Sindh has a Child Protection Authority Act 2011 and had developed a policy on home-based workers in 2012 but is yet to adopt comprehensive legislation on child labour.

Till end of 2013, Balochistan had no legislation on child labour; a draft of the Employment of Children (Amendment) Bill was submitted in 2012 but was not passed in vetting. The province has hundreds of child workers employed in hazardous sectors.

Khyber-Pakhtunkhwa (K-P) has not yet adopted the Employment of Children Act 1991.

Provinces, although, have other means of protecting protect children.

In K-P for instance, the K-P Child Protection and Welfare Act 2010 delineates the Child Protection and Welfare Commission, a fund for said commission, the notification of child protection courts, the rescue and rehabilitation of a child at risk as well as the sentencing of children.

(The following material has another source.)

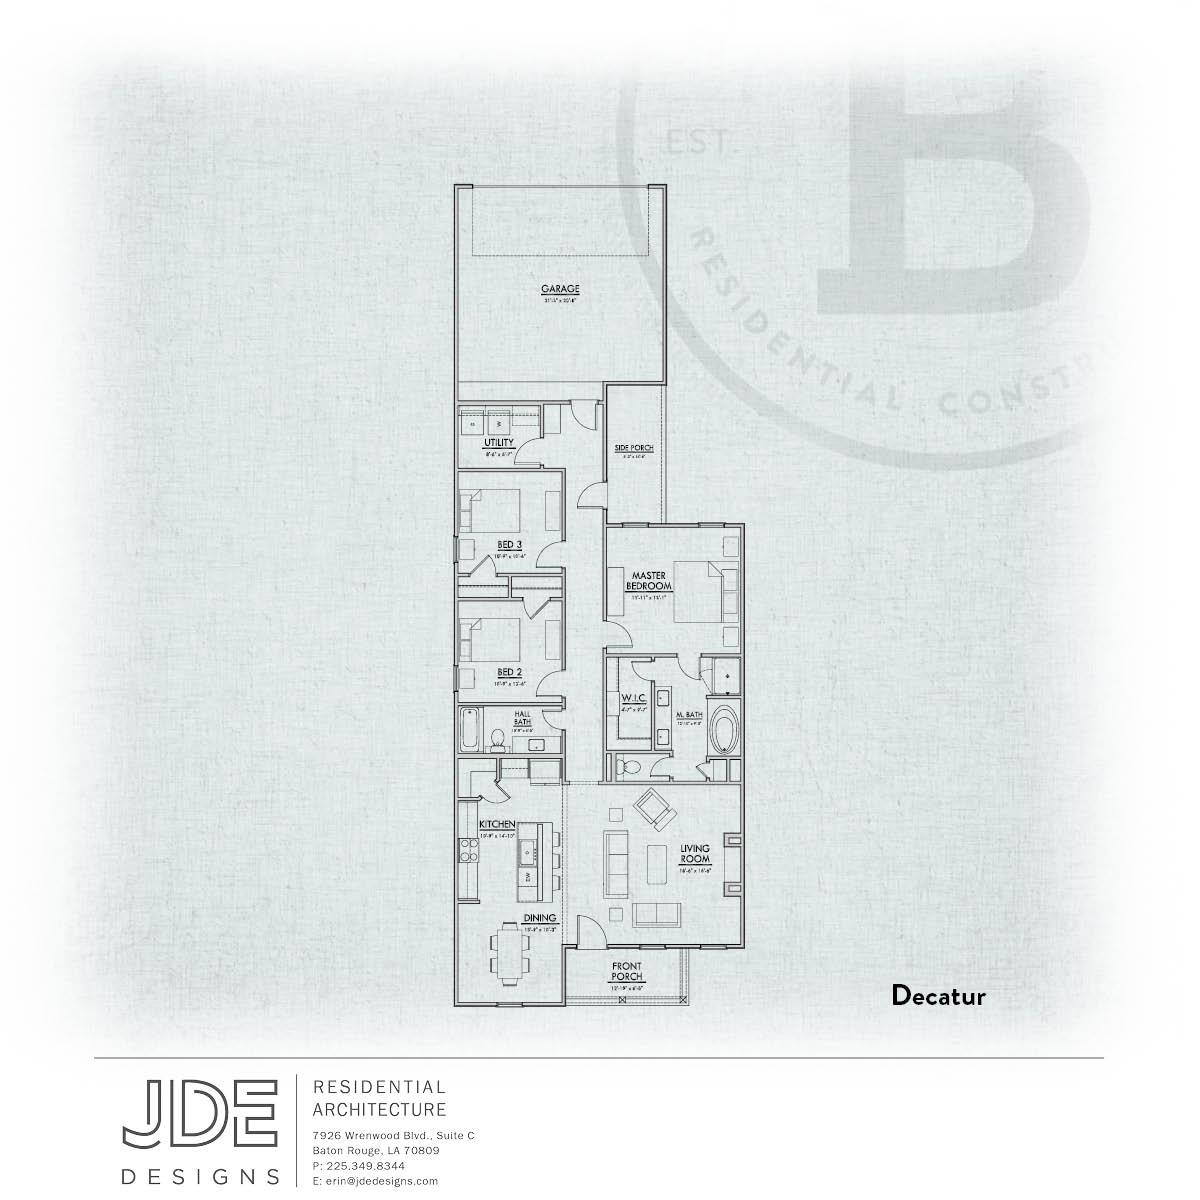 Decatur Elevation B.2

However, not a lot is said about the direct employment of minors in exchange for money or barter.

Of NGOs

Human rights and non-governmental organisations have time and again asked the federal and provincial governments to fulfill their basic responsibilities of educating children and abolishing child labour, which still exists in all parts of the country.  However, the credibility of some of these organisations needs to be questioned in the first place.

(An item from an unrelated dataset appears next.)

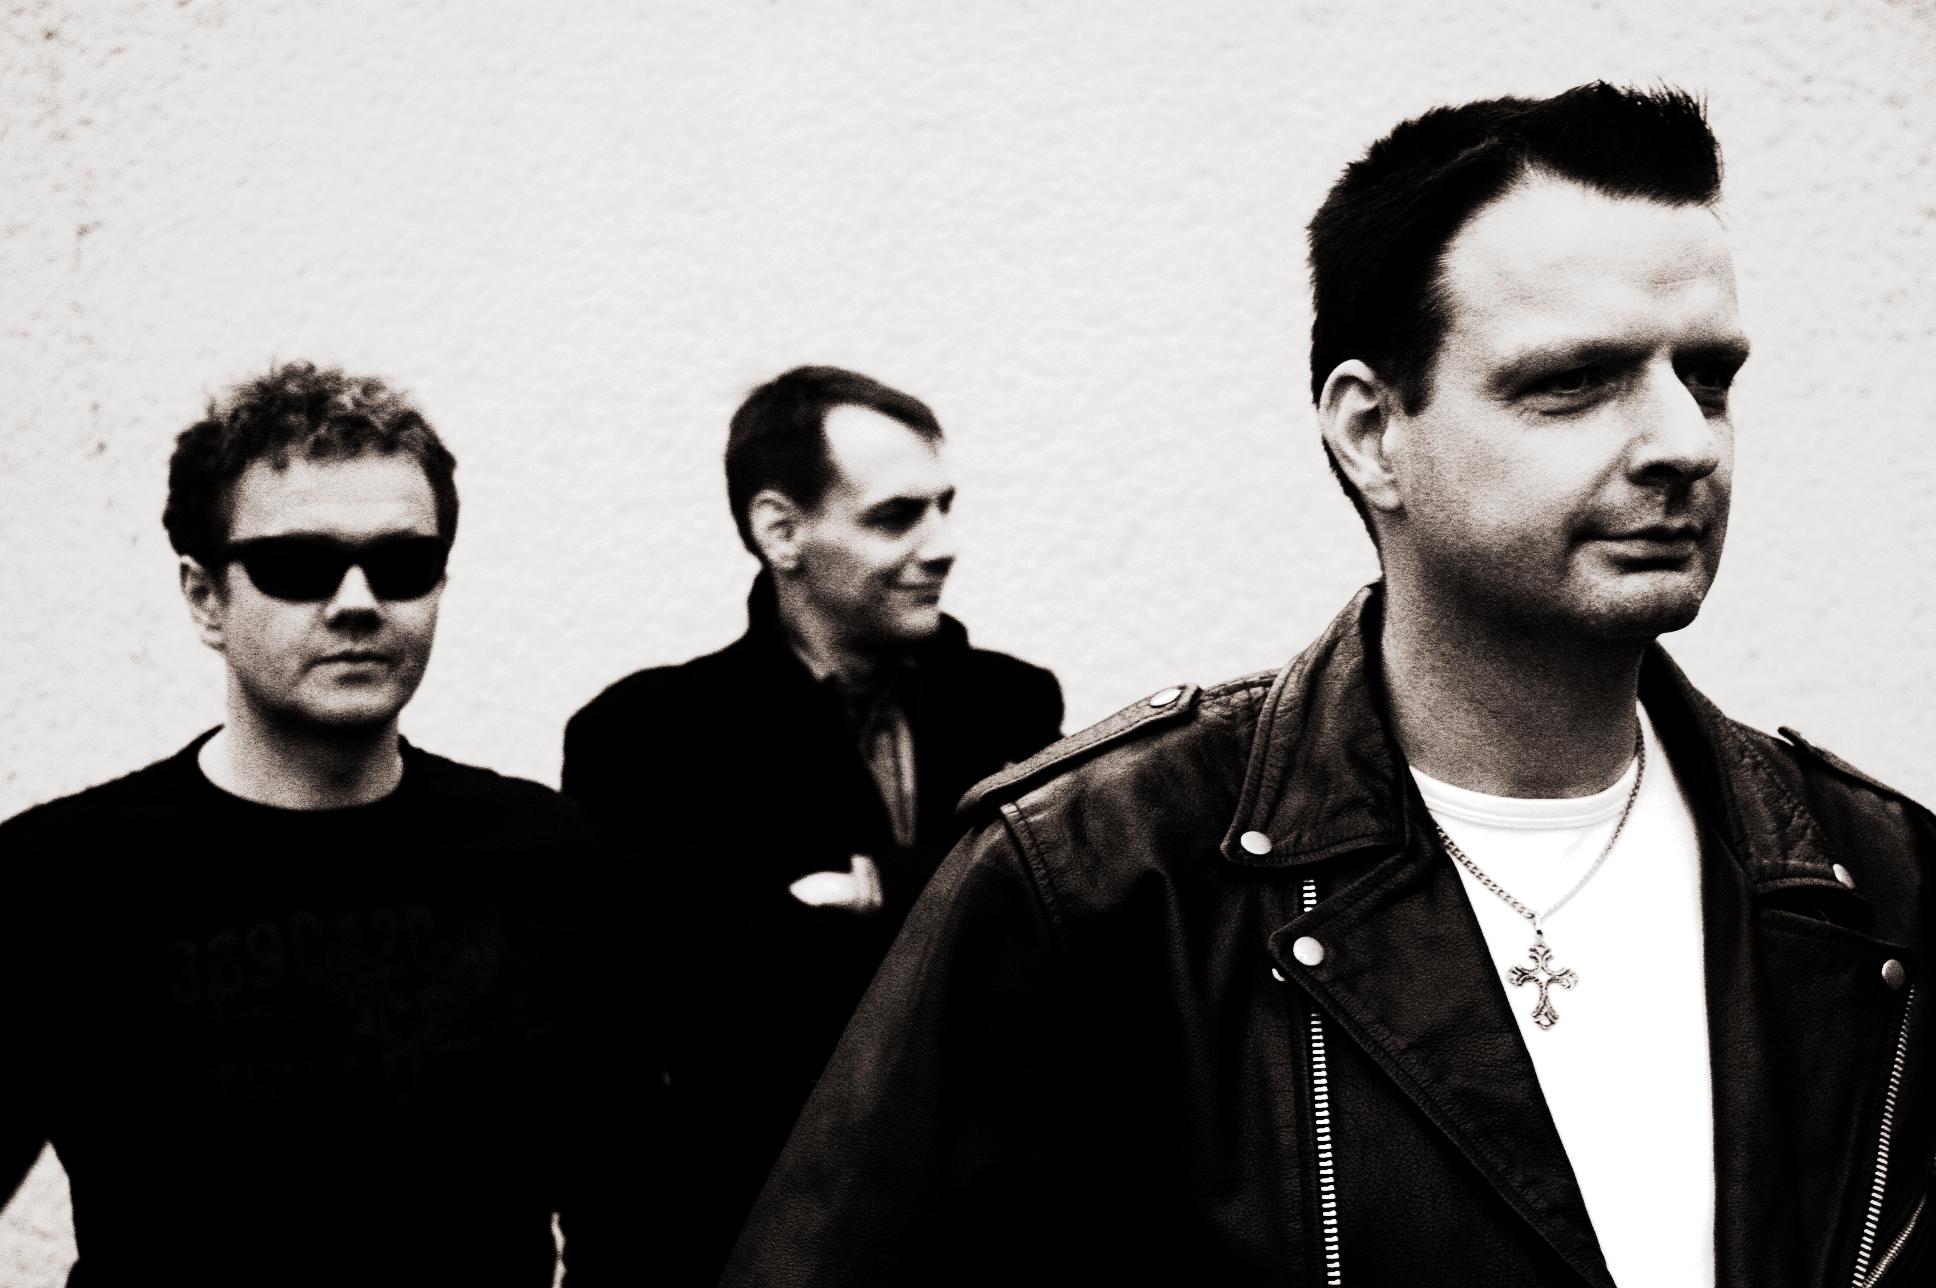 Pressefoto Depeche Mode Coverband - kleine Besetzung

Saifullah Kakakhel, a Peshawar-based lawyer, tells The Express Tribune that the checks and balances to register NGOs are becoming increasingly lenient and a few thousand rupees exempts the organisations from the required clearance by law enforcement agencies.

He stated that the relevant government bodies have failed to abolish child labour and NGOs getting funds for the same purpose are spending the money on lavish hotel stays and ineffective meetings.

Published in The Express Tribune, October 22nd, 2014.